» **WORK REQUEST**:
Return the lines of the listing below exactly as they appear, beginning at the one with "Pixel 3 preorders" and stopping after the one with "Photo: MARNI - Pablo"; do not include pictures.

» **RECORD SET**:
★ ★ ★ ★ ★ ★ ★

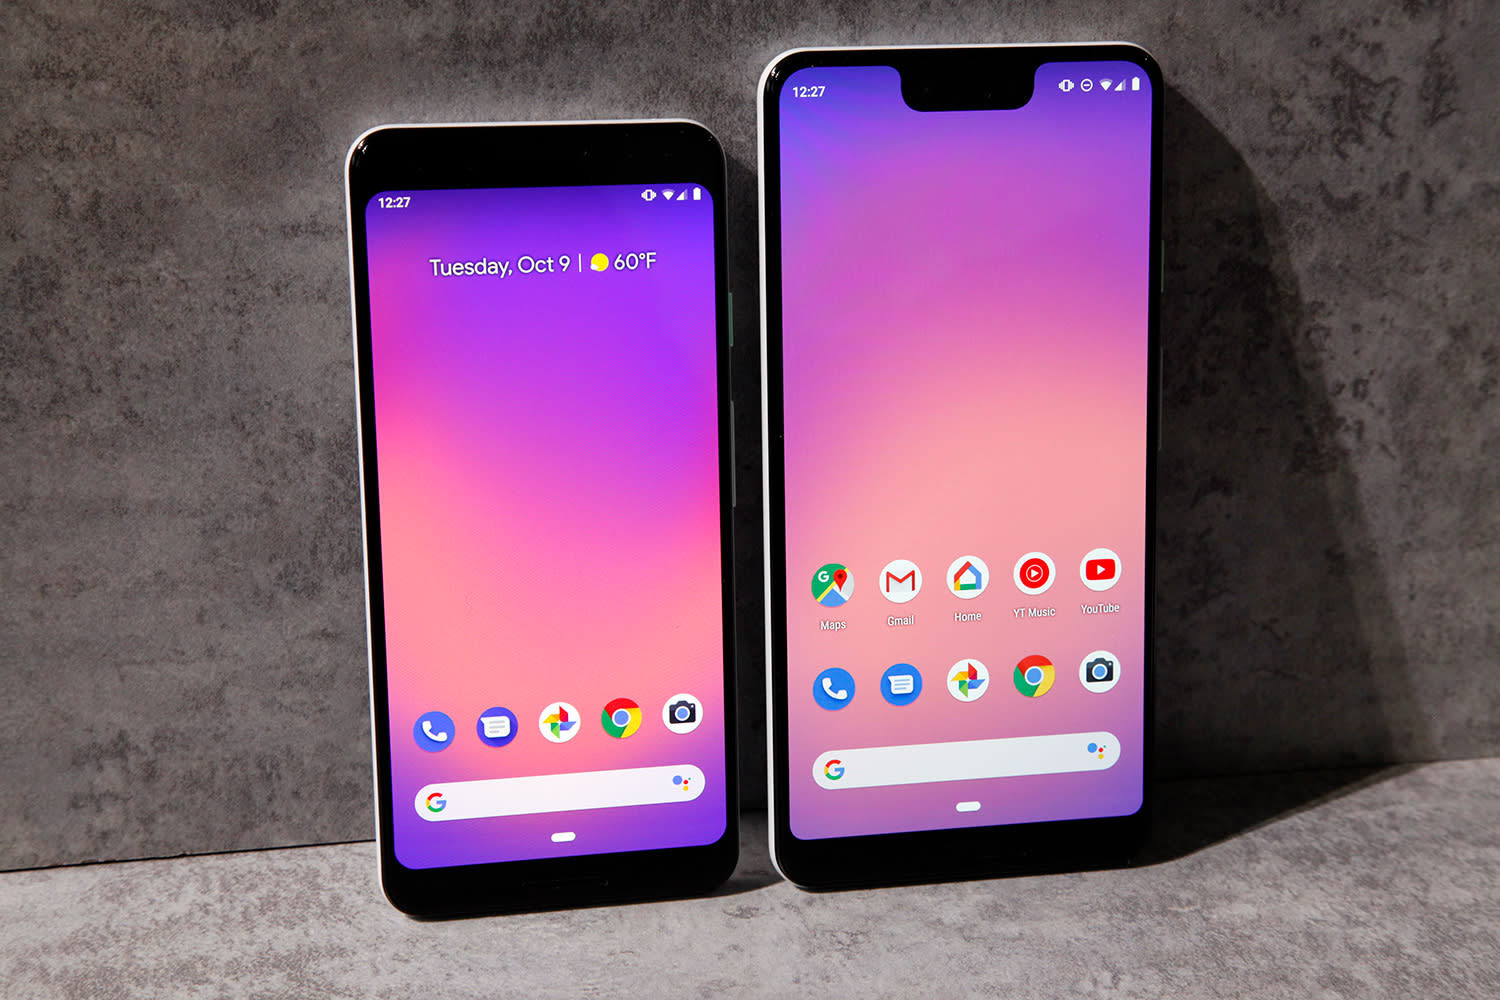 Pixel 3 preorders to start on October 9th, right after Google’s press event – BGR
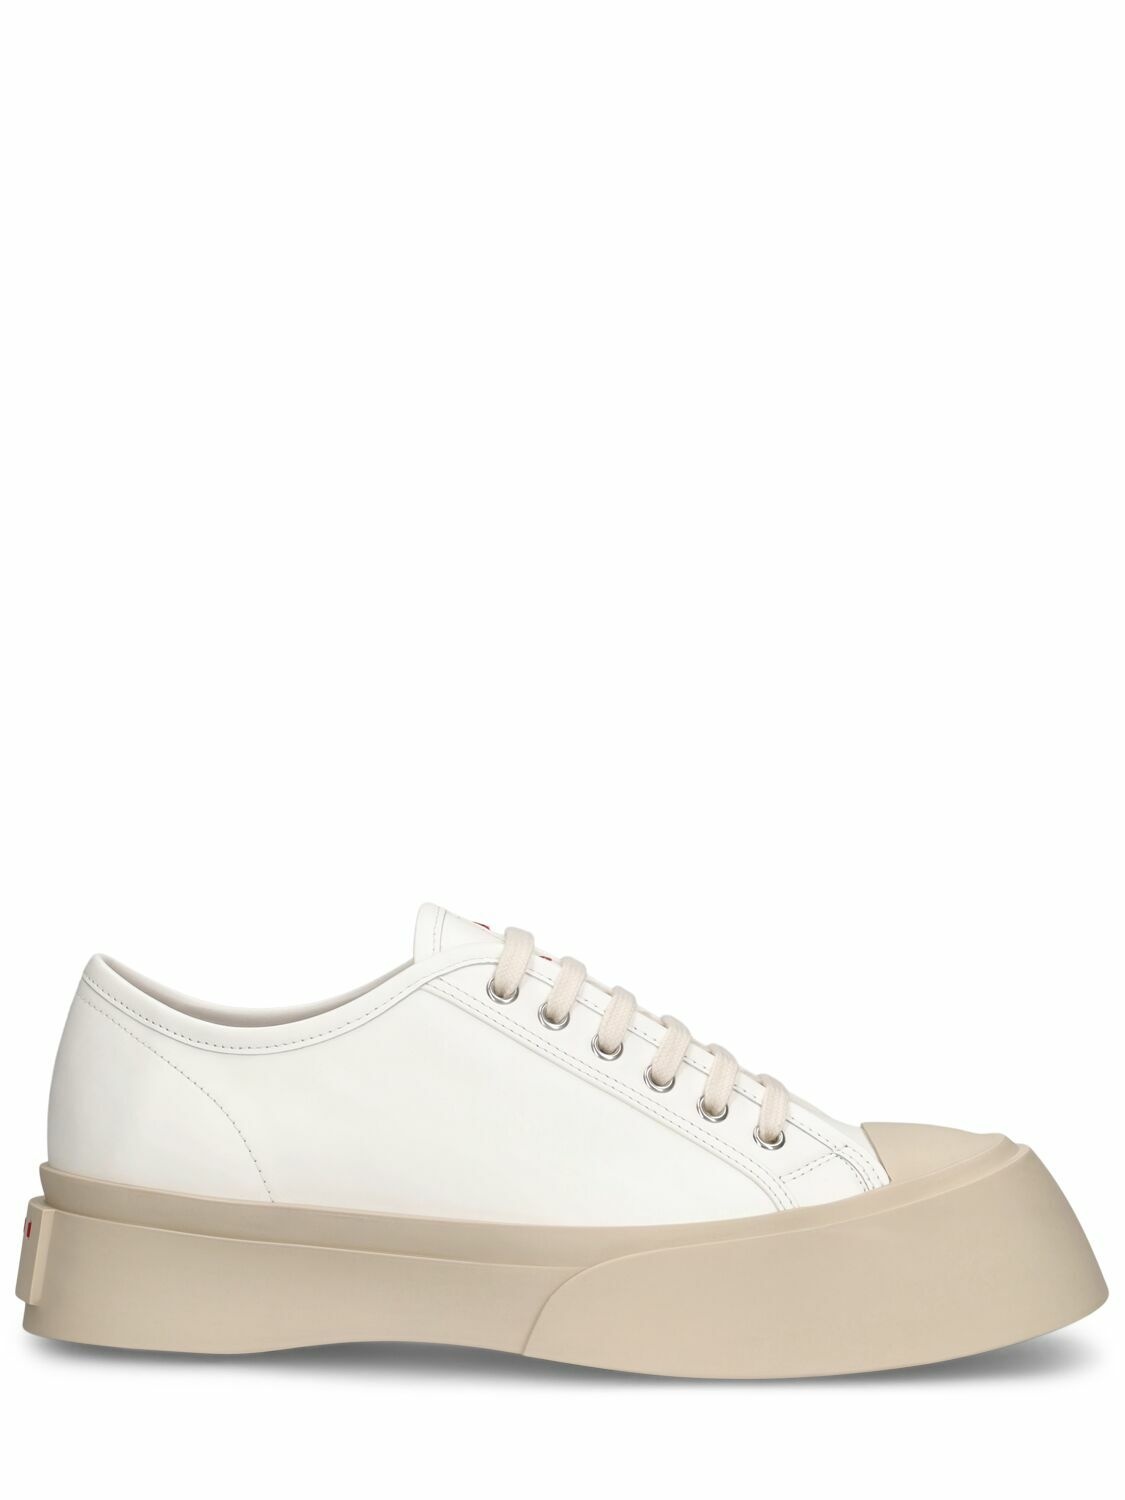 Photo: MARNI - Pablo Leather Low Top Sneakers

★ ★ ★ ★ ★ ★ ★

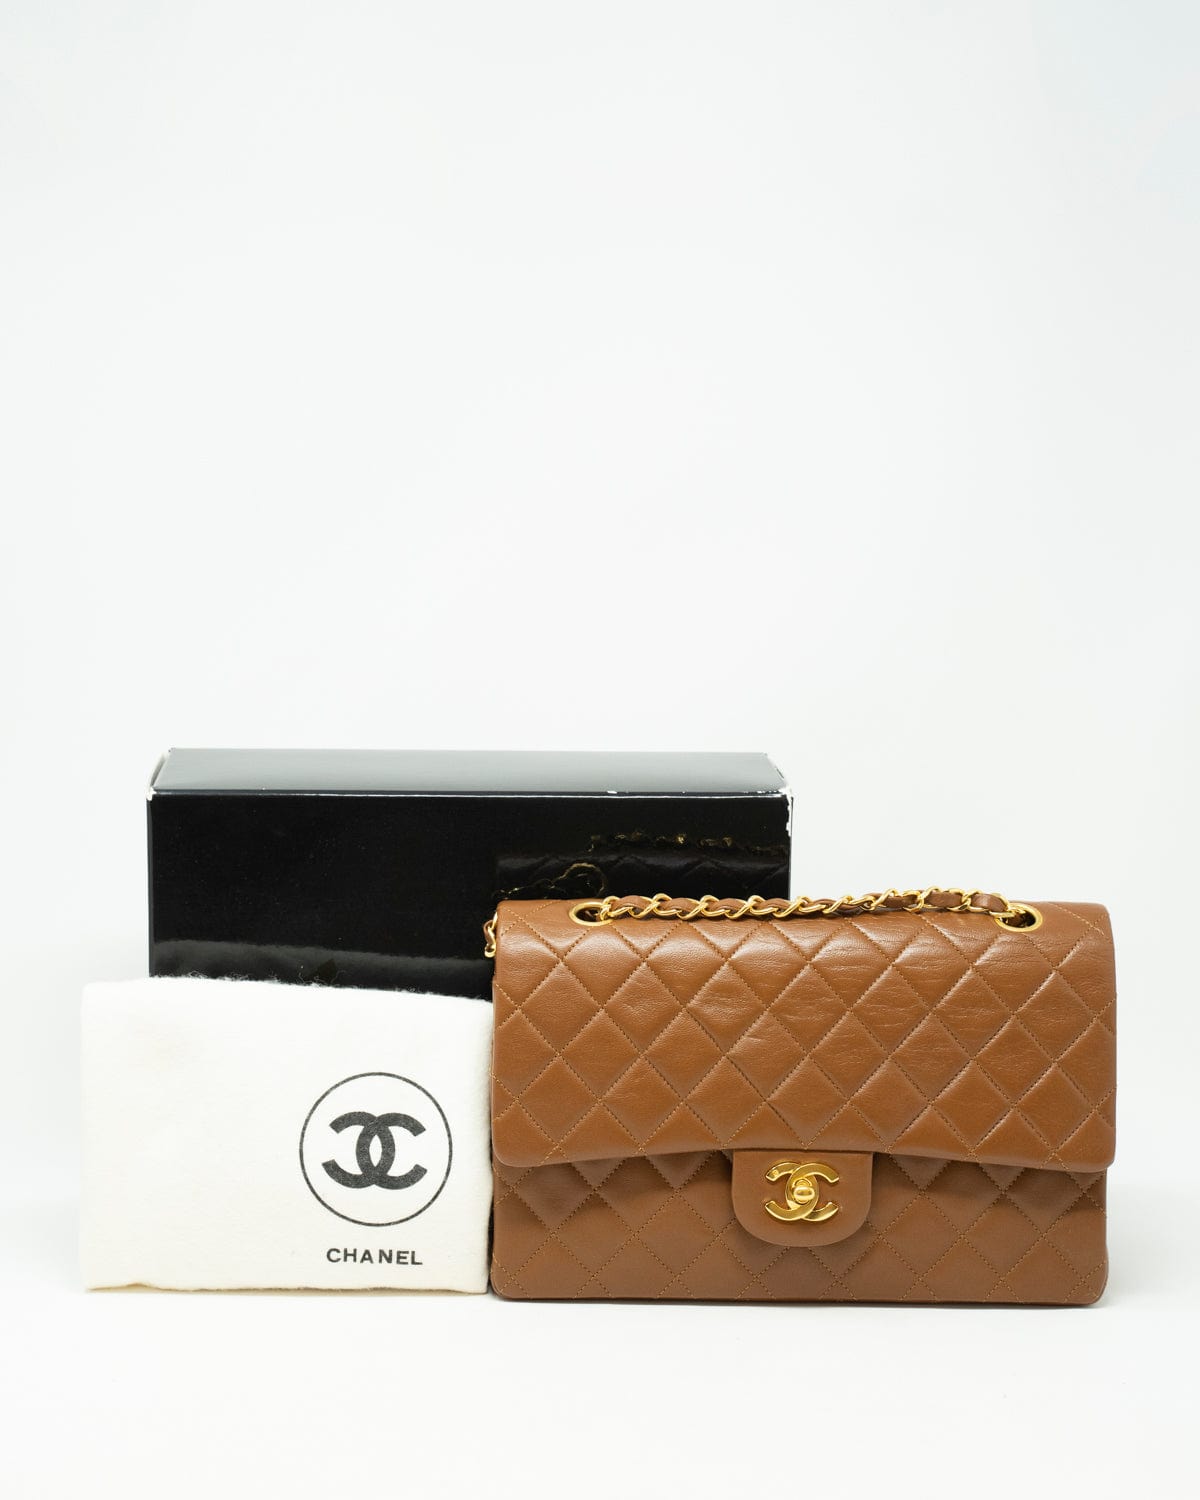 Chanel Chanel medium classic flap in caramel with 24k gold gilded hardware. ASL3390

★ ★ ★ ★ ★ ★ ★

» **RESPONSE TO THE EXERCISE**:
 Pixel 3 preorders to start on October 9th, right after Google’s press event – BGR
 Photo: MARNI - Pablo Leather Low Top Sneakers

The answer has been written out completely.